Mountain Gazette Magazine
Ski Bum Economics
By Peter Kray from Mountain Gazette No. 153 - March 2009

Enlarge

After anti-Yuppie rants, mountain dating guides, dog photos and queries about writing The Lost Art of Getting Lost, if there is a favored theme to Mountain Gazette submissions, it is the lament of the urban arrival who for a lover, a career or no damn good reason at all has forsaken the magic of the High Country. It seems like every other week someone sends in an essay detailing his or her own personal deal with the devil — how they followed the flash of the cash to the city and left their soul twisting back up in the hills.

The articles go into detail about trading blue skies and white mountains for a commute and a cubicle, and paying to go to a gym to get half the exercise most of us get for free just by walking out our front door. Memories of mountain streams are lost in the cacophony of honking horns. Cool clouds are burned black by cigarettes and smog. And, almost to a person, the writers note how much happier they were when they were “poor.”

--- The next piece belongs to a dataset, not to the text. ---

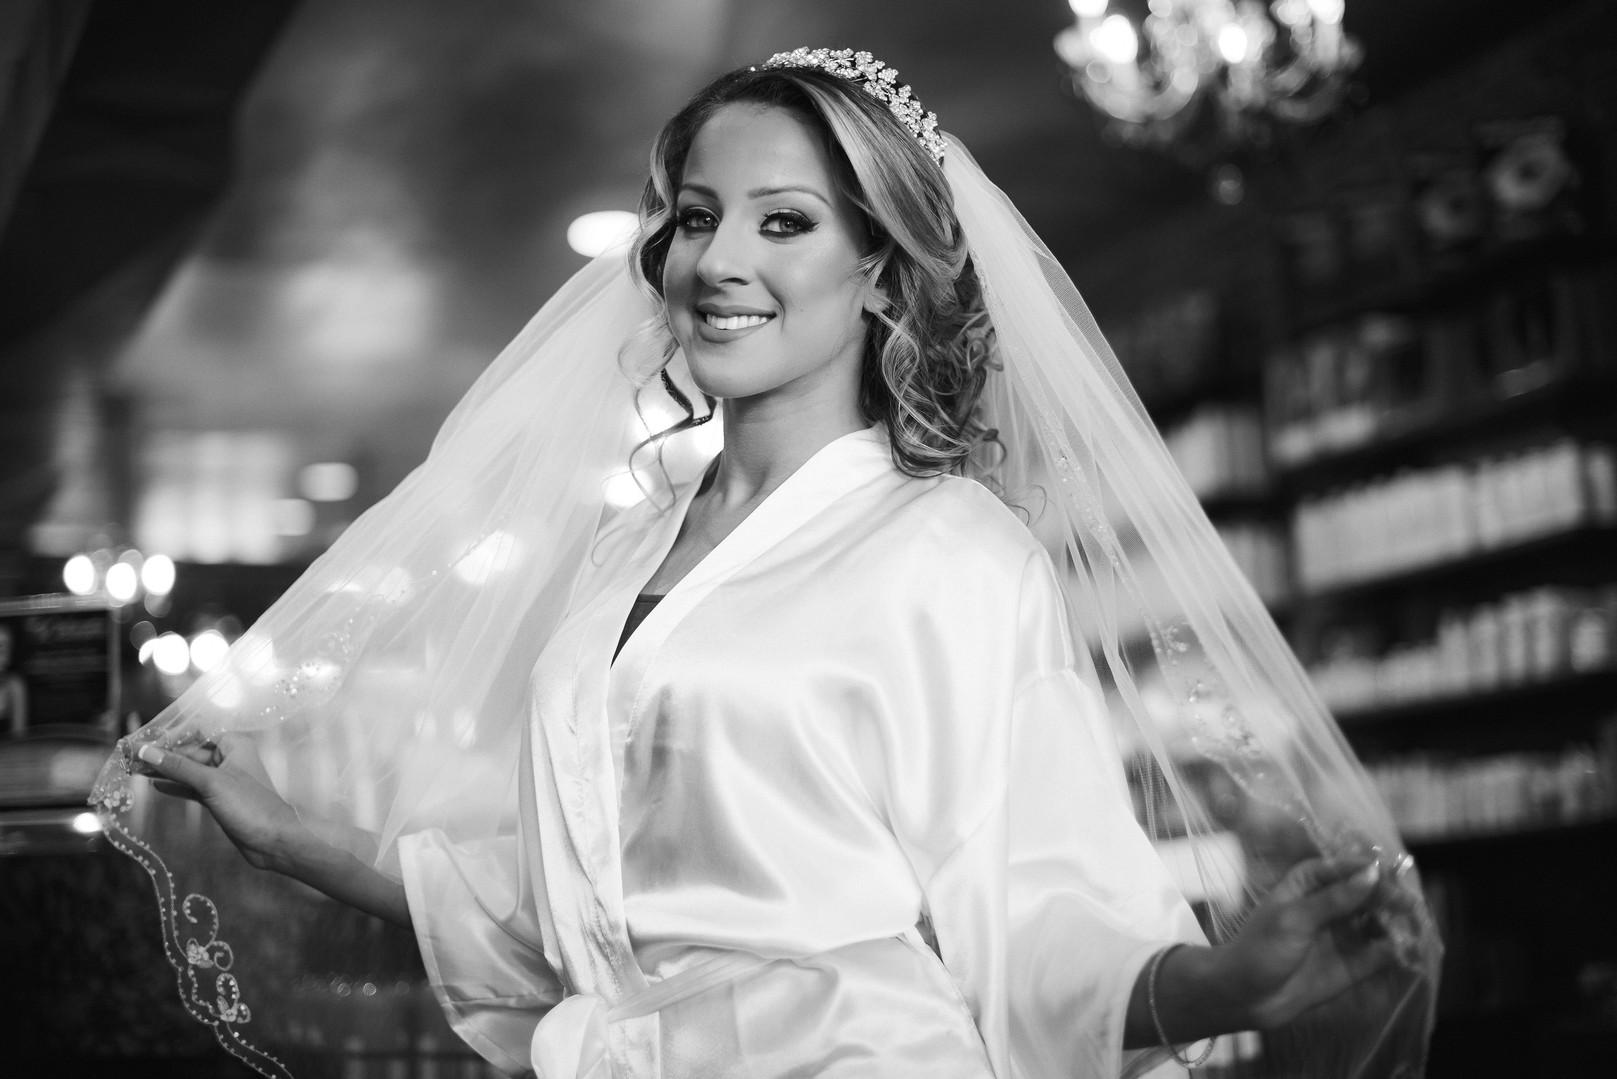 weddings-11-2.jpg

“Maybe if I get laid off right now then I’ll still have time to use my season pass,” wrote one Denverite in his introductory e-mail. “It’s paid for.”

I think people tell better stories when they’re poor. Rock stars make better records when they’re hungry, and writers write better books when they still want to set the world on fire — when they have something other than money that they are living for. At least in the mountains, they seem a lot happier, too. There is a lasting contentment to having been outside all day, watching the pace of the world. It is the confidence of setting in that old cliché, “Poverty with a view.”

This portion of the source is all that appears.